Александр Пушкин «История Петра»
«История Петра» — ненаписанная книга Пушкина.
Пушкин интересовался Петром всю свою жизнь. Первый российский император — герой «Полтавы», его фигура сводит с ума бедного Евгения в «Медном всаднике». Исследование «История Петра» должно было подвести итог пушкинским изысканиям и размышлениям о фигуре первого русского императора. Не случилось, смерть прервала работу. Александр Сергеевич оставил нам только подготовительные тексты, снабженные редкими (но оттого еще более ценными) ремарками.
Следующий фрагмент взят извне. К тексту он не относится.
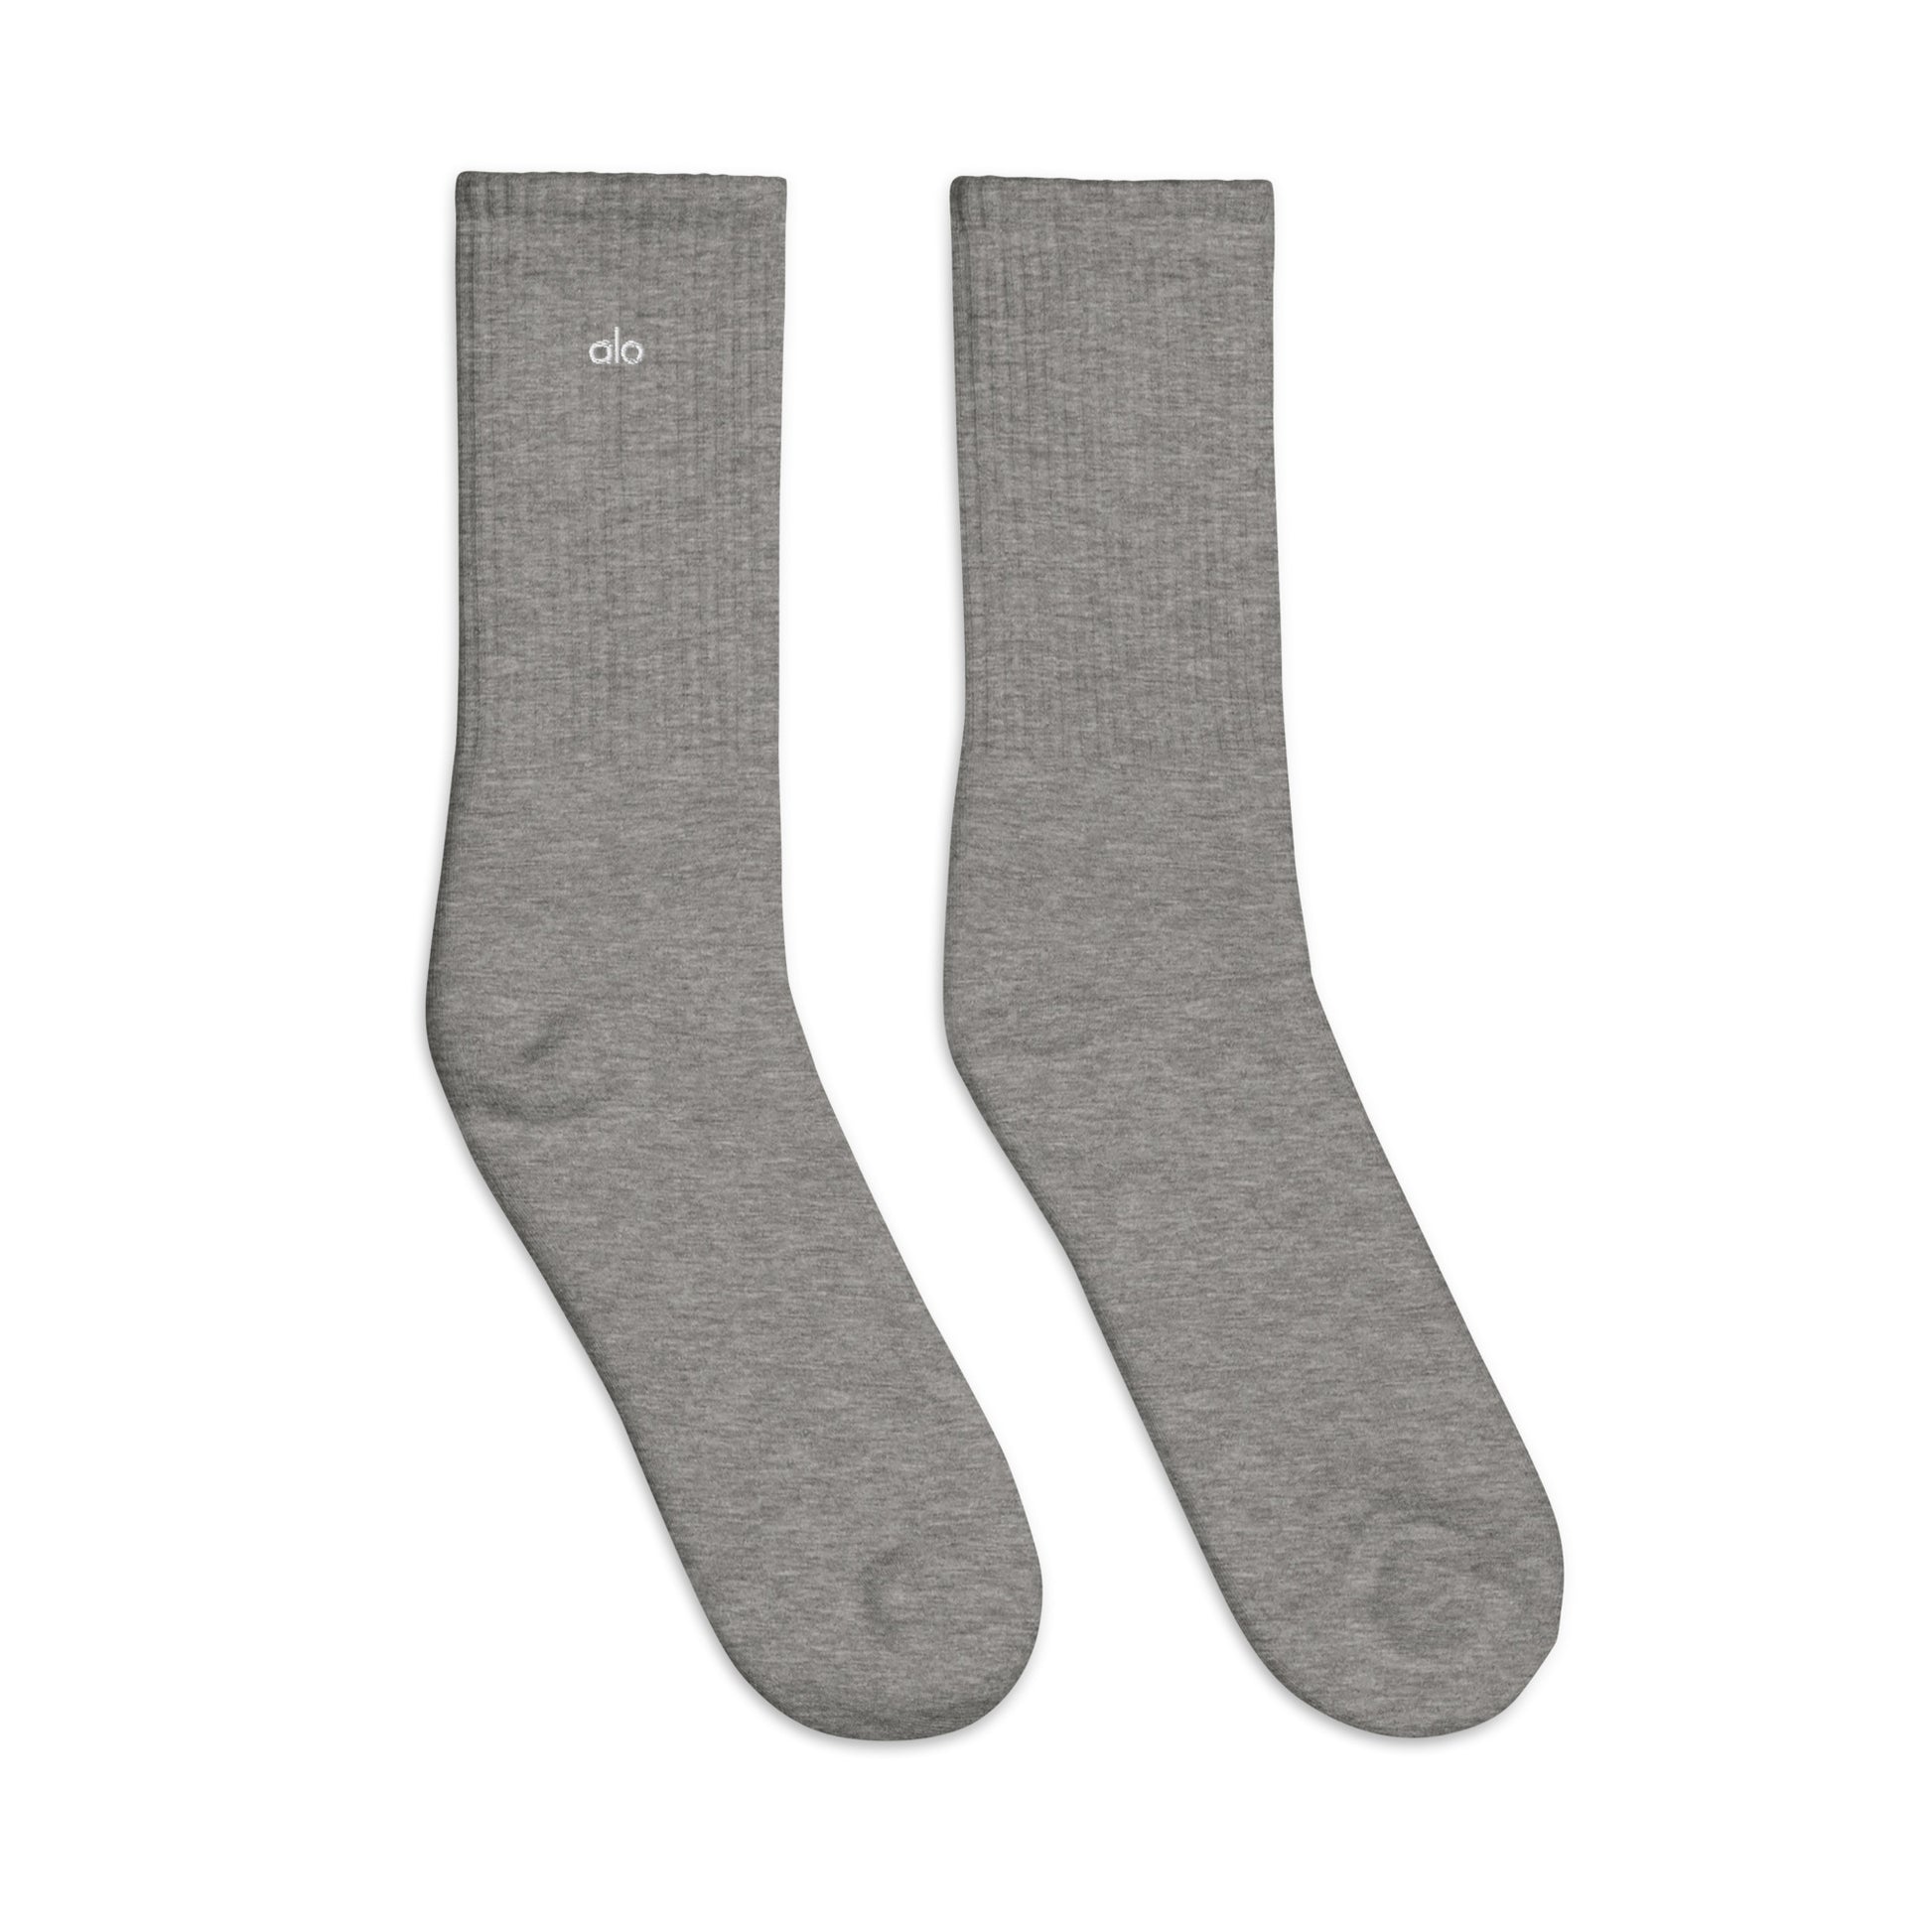 Alo Yoga Unisex Embroidered socks  LEFTIS

Всю известную ему информацию (взятую из ряда исторических источников) Пушкин расположил в хронологическом порядке, начиная с рождения Петра. Если сведений было много, то Александр Сергеевич расписывал действия императора буквально по дням. На мой взгляд, большое значение имеет не только написанное, но и недосказанное. Например, в последних строках главки 1698 (июль) он коротко пишет: «Начались казни… Лефорт старался укротить рассвирепевшего царя. Многие стрельцы были спасены его ходатайством и разосланы в Сибирь, Астрахань, Азов и проч.». Между тем существует немало данных о том, как казнились стрельцы. Почему Пушкин их не использовал?
В «Стансах» (1826 год) Пушкин писал, адресуясь к Николаю I: «В надежде славы и добра / Гляжу вперед я без боязни: / Начало славных дней Петра / Мрачили мятежи и казни». Эта оценка — «славные дни» — считается основной в творчестве Александра Сергеевича. Но от нее до «Истории Петра» целых десять лет, наполненных изысканиями и раздумьями.
К сожалению, мы можем только гадать, как Пушкин оценил бы деятельность Петра в итоге. Косвенно отношение проявляется в эпитетах, относящихся к указам императора. Чаще всего Александр Сергеевич называет их «тиранскими», порой «жестокими», раз — «превосходящий варварством все прежние».
Интересна в этом плане заметка Пушкина, отнесенная к 1721 году: «Достойна удивления разность между государственными учреждениями Петра Великого и временными его указами. Первые суть плоды ума обширного, исполненного доброжелательства и мудрости, вторые нередко жестоки, своенравны и, кажется, писаны кнутом. Первые были для вечности, или по крайней мере для будущего, вторые вырвались у нетерпеливого самовластного помещика. NB. (Это внести в Историю Петра, обдумав)».
Остается сетовать на судьбу, которая рукой Дантеса оборвала жизнь Пушкина, лишив нас в том числе и оконченной «Истории Петра».